Small Businesses Leading the Way in Clean Energy Innovation

By Andrea Buffa in Apollo News Service, February 10 2010

Internet giant Google is the poster child for demonstrating that revolutionary technologies can be developed by a small number of people on a limited budget. The company, whose name is now a household word and whose net profits exceeded $6 billion last year, was incorporated in a garage by Stanford Ph.D. students who were doing a dissertation on search engine development.

In the world of clean energy, no one knows yet which companies will be the equivalents of Google, creating the technological breakthroughs that will change the course of U.S. energy history. But the Department of Energy is trying to ensure that at least some companies get a leg up in their efforts to win that coveted title. In November 2009, the DOE awarded 125 grants of up to $150,000 each to more than 100 small businesses that are working to develop new technologies to decrease carbon pollution and increase energy efficiency. “Small businesses are drivers of innovation and are crucial to the development of a competitive clean energy U.S. economy,” said U.S. Energy Secretary Steven Chu in the DOE’s announcement of the awards.
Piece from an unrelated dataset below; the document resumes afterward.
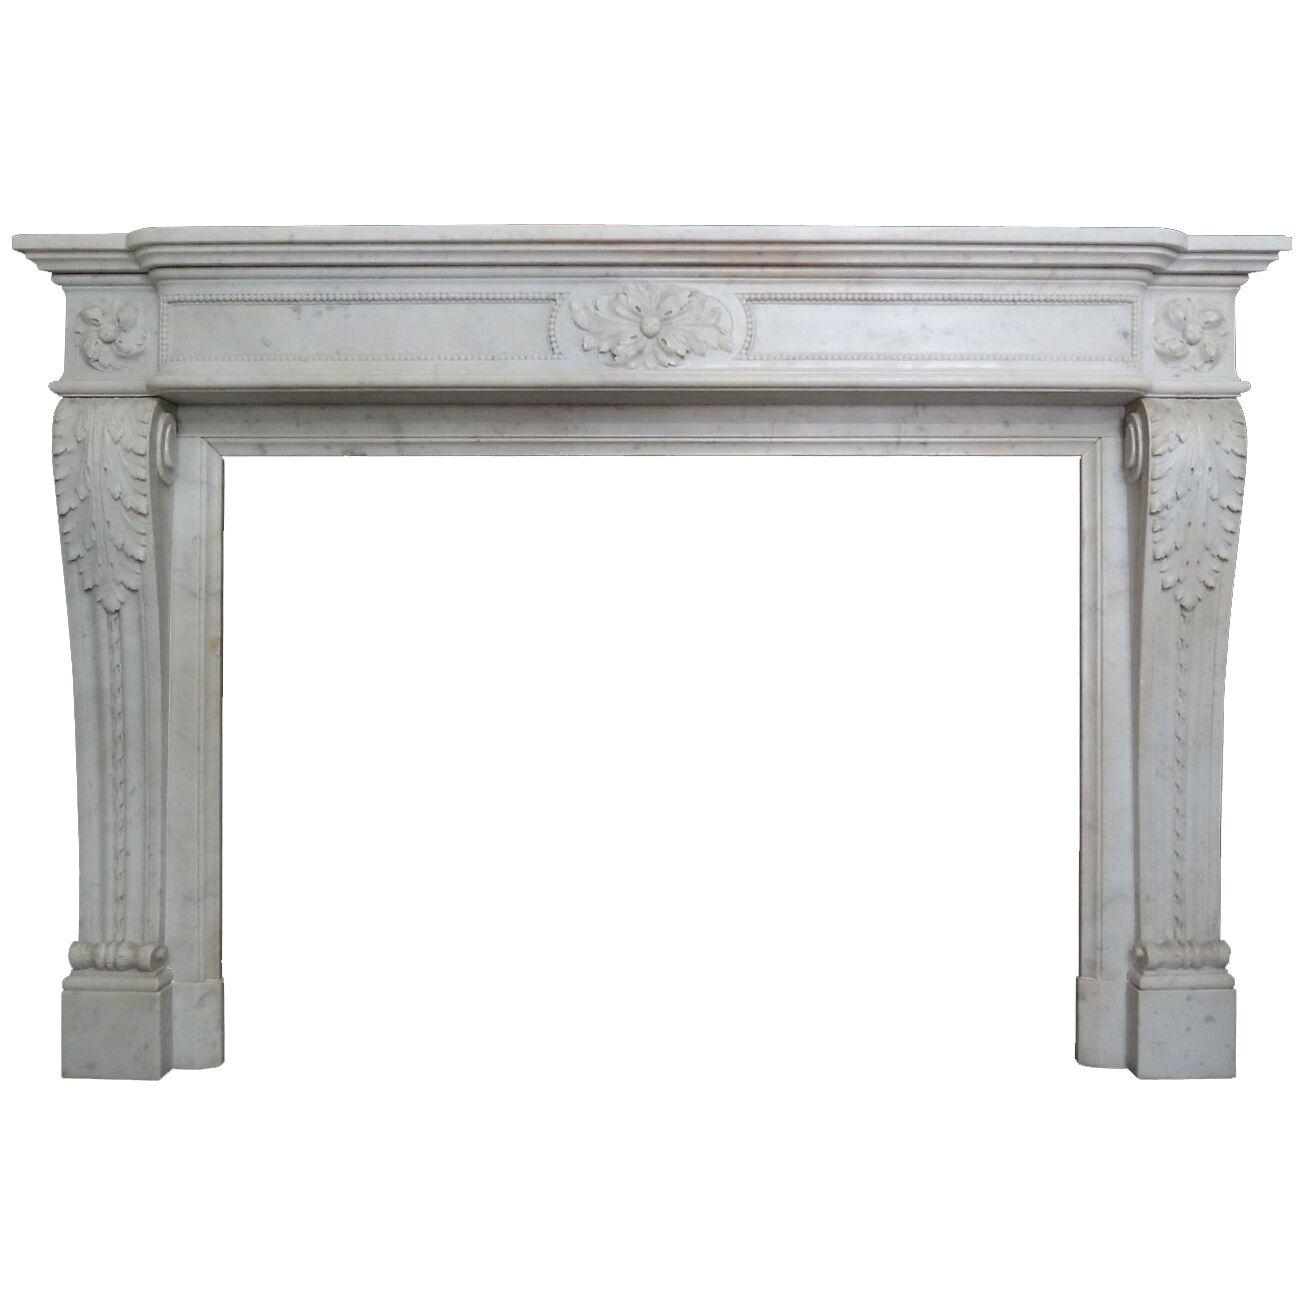 An Antique French Louis XVI Style Carved Marble Fireplace Mantel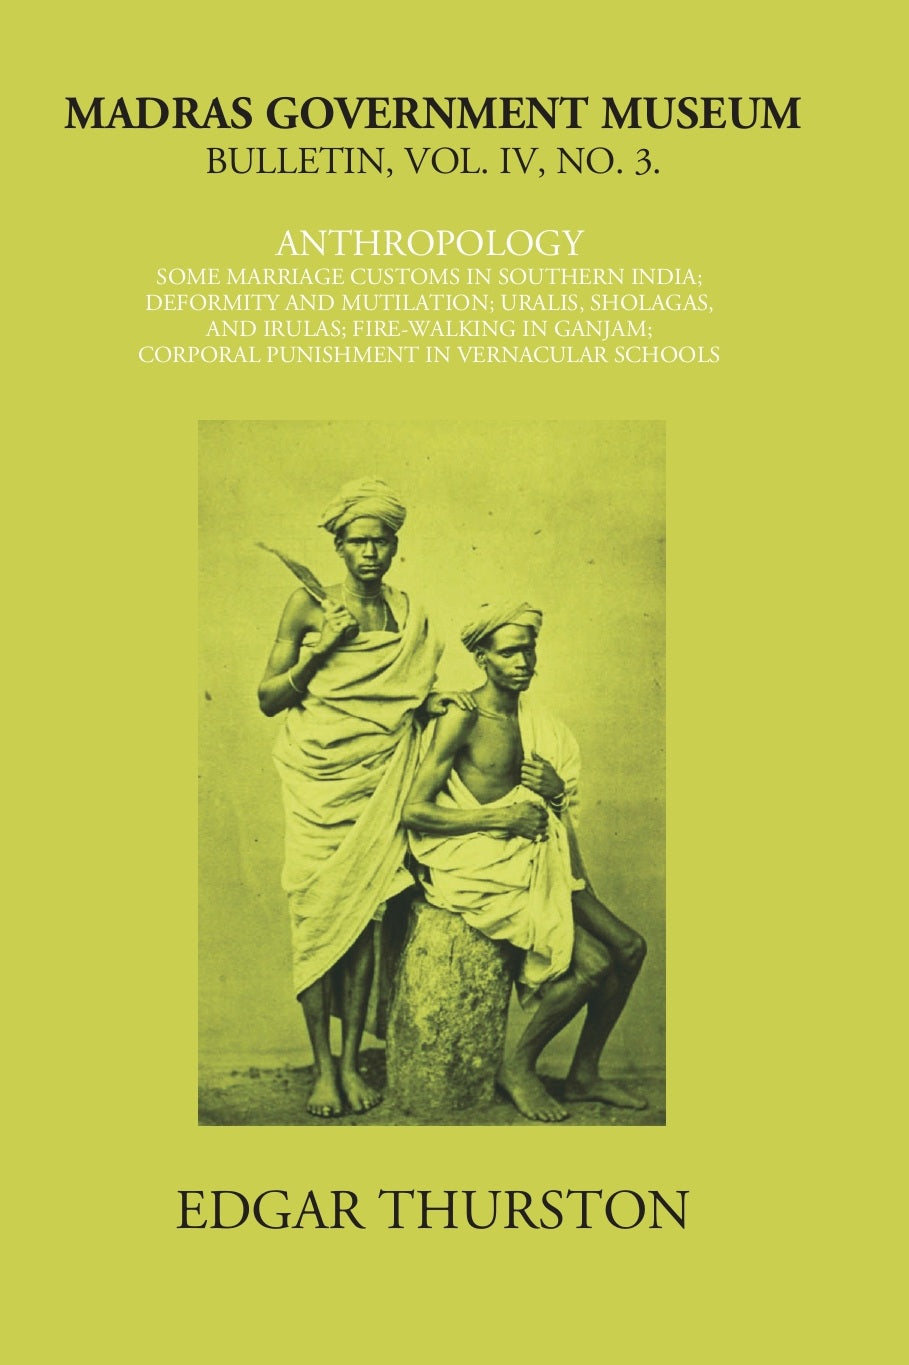 Madras Government Museum Bulletin, Anthropology Some Marriage Customs In Southern India; Deformity And Mutilation; Uralis, Sholagas, And Irulas; Fire-Walking In Ganjam; Corporal Punishment in Vernacular Schools Volume Vol. 4th, No. 3

The funding for the awards, which totaled more than $18 million, was made available through the American Recovery and Reinvestment Act (ARRA). The ARRA funding augmented two existing programs called Small Business Innovation Research (SBIR) and Small Business Technology Transfer (STTR) through which federal agencies with large research and development budgets, like the Departments of Energy and Defense and the National Institutes of Health, set aside a small fraction of their funding to go toward competitive grants for small businesses.